== Assignment ==
Where the line containing "Diaz family posing by a ferris wheel" appears, start repeating, and continue exactly through the last line below, adding nothing. Include no pictures.

Material provided START

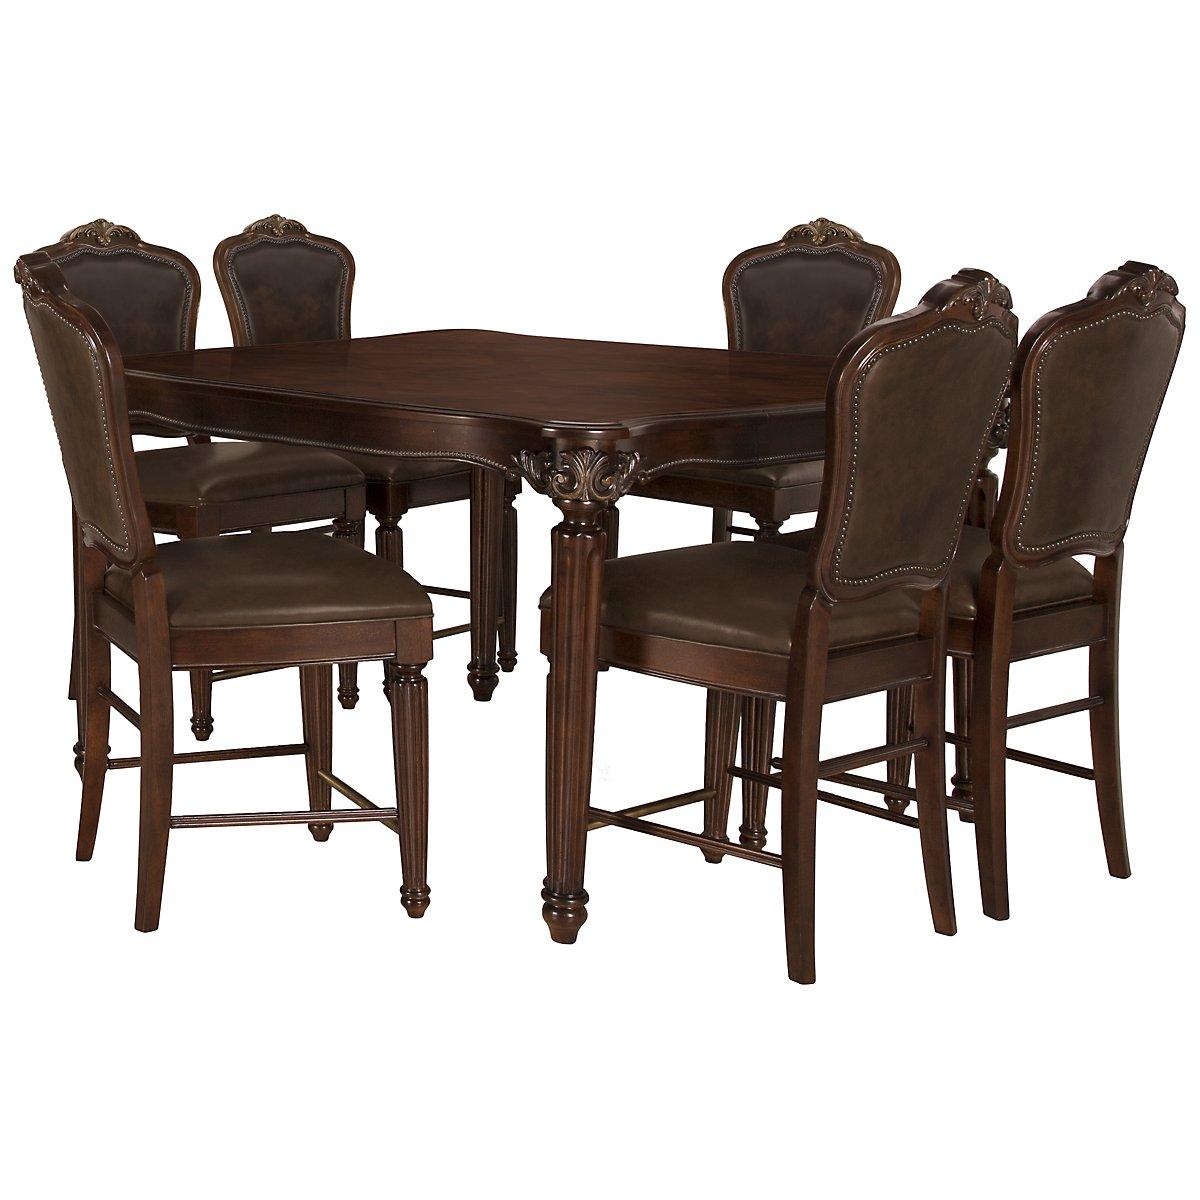 Regal Dark Tone High Table & 4 Leather Barstools
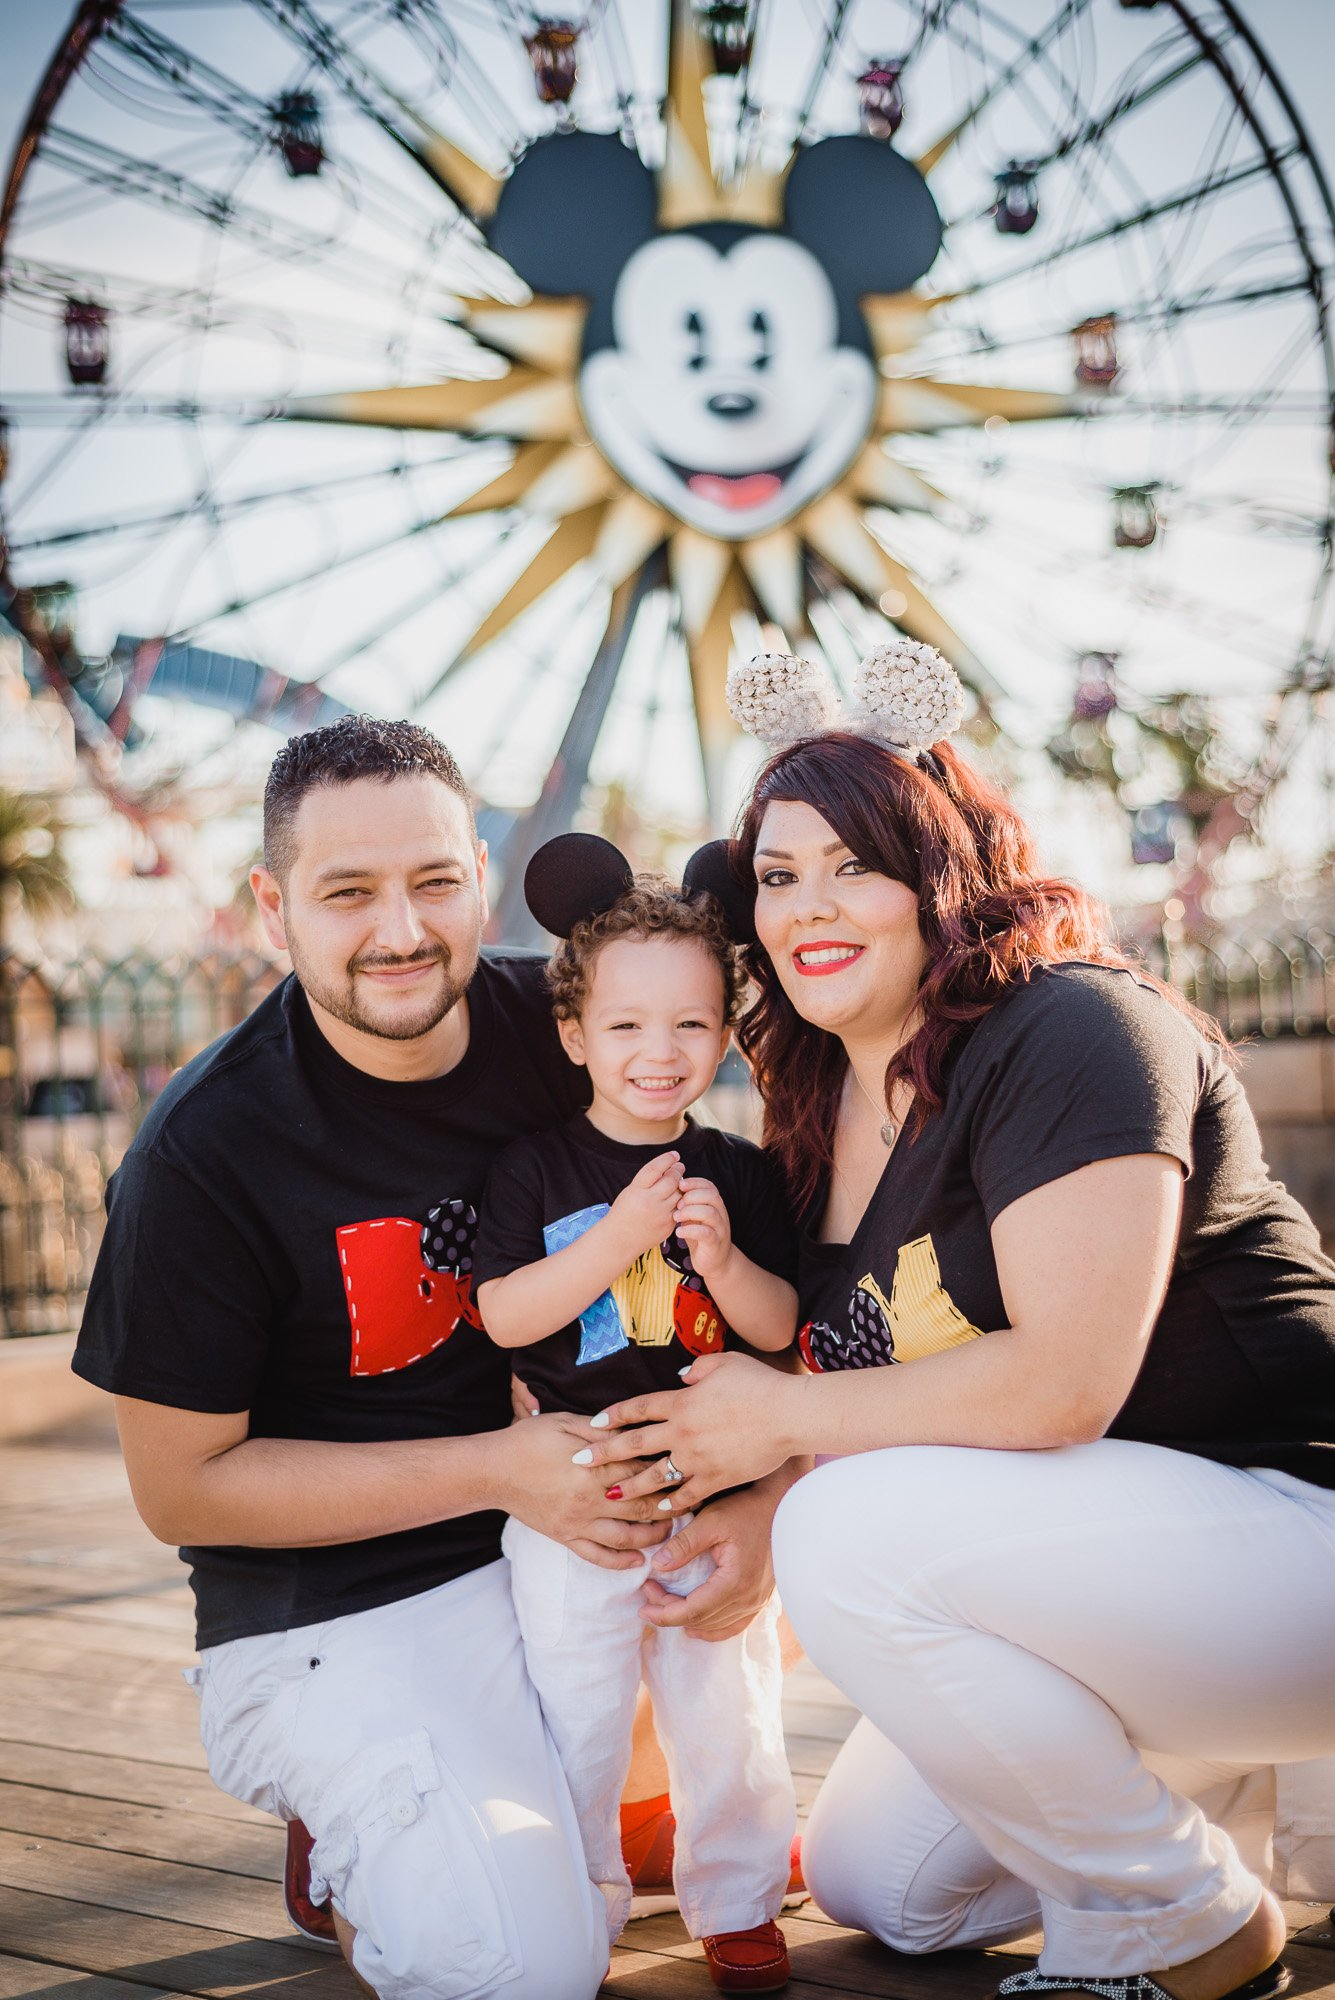 Diaz family posing by a ferris wheel
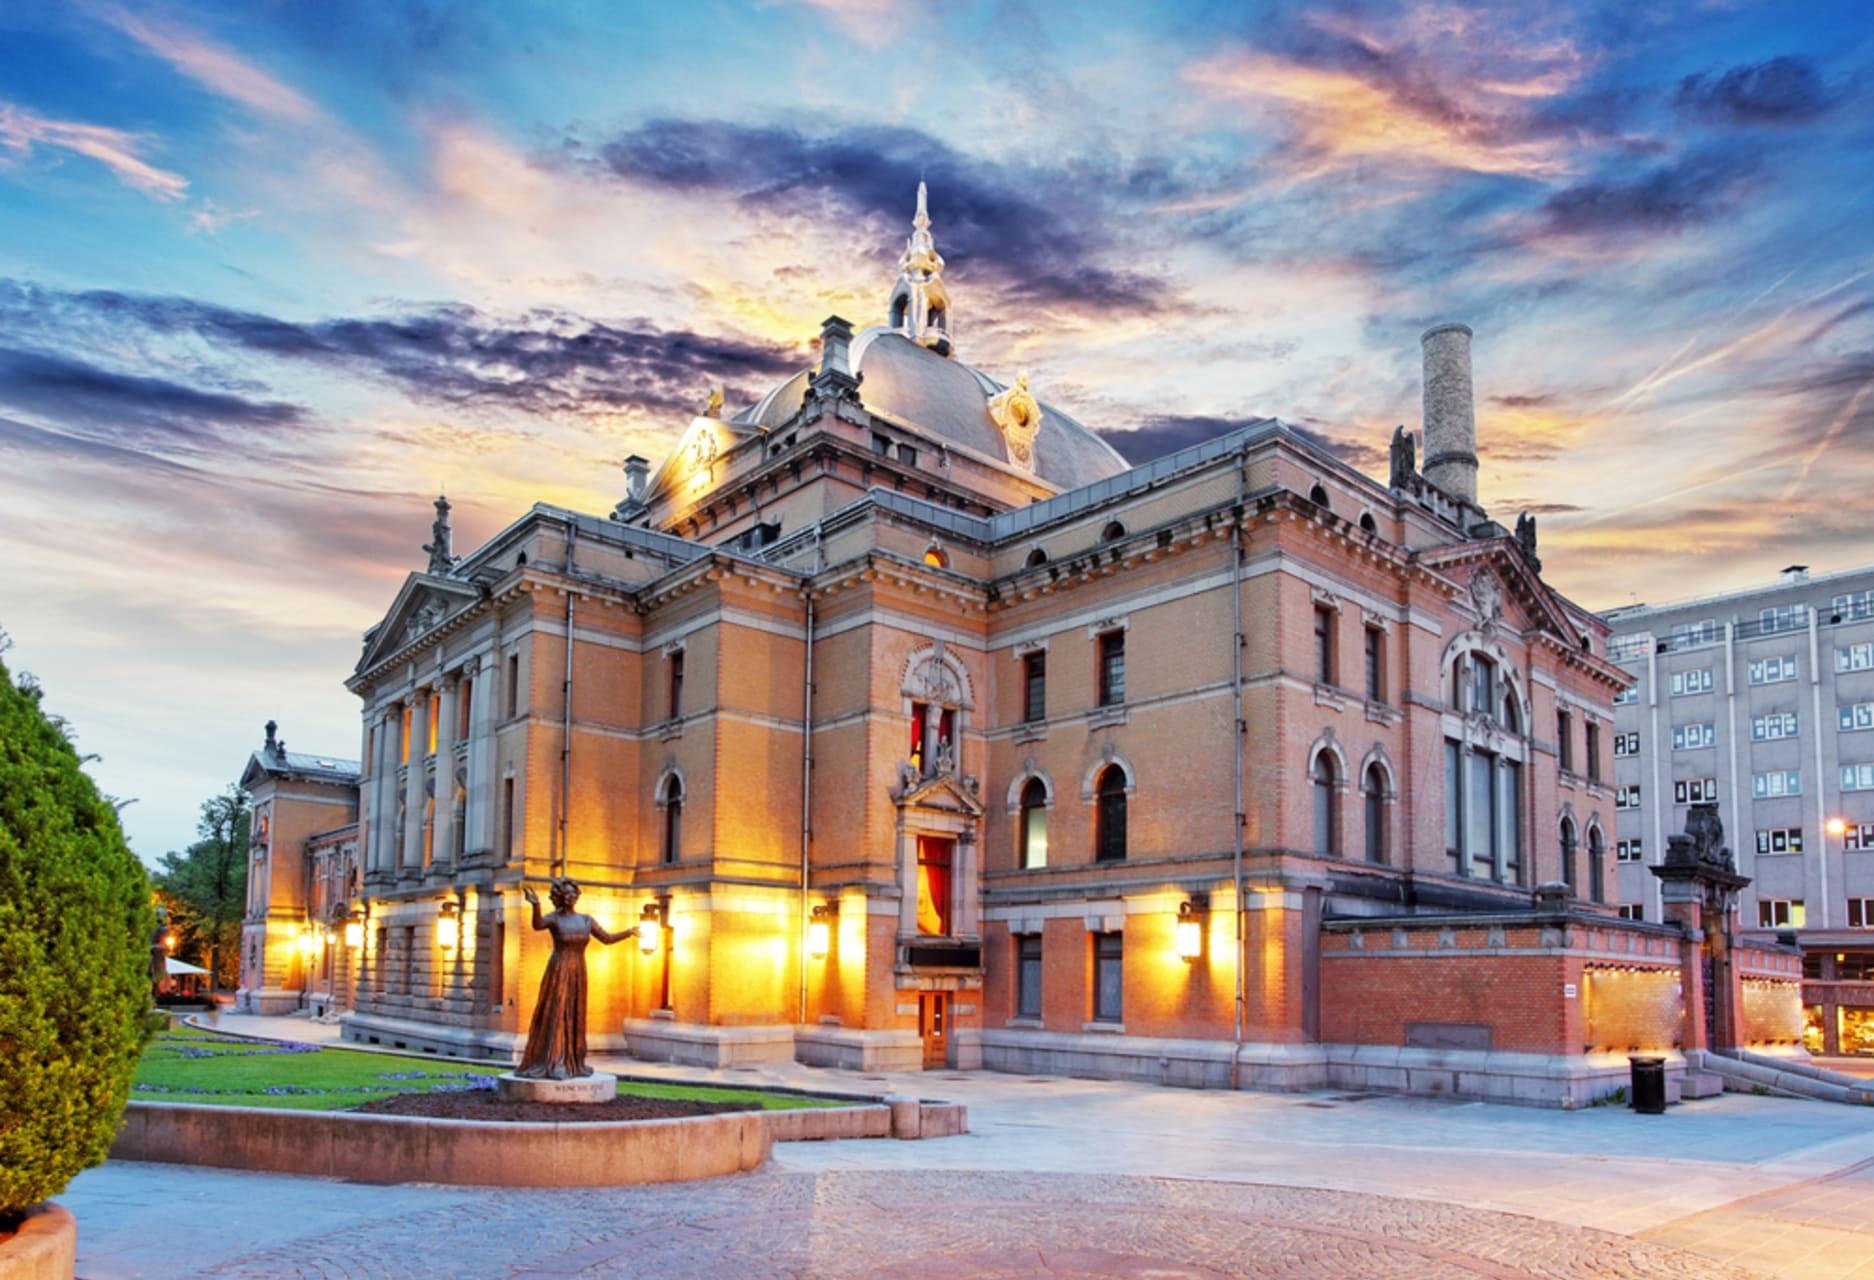 Oslo - Oslo Centre: The Essence of the Norwegian Capital

Material provided END

== Task output ==
 Diaz family posing by a ferris wheel
 Oslo - Oslo Centre: The Essence of the Norwegian Capital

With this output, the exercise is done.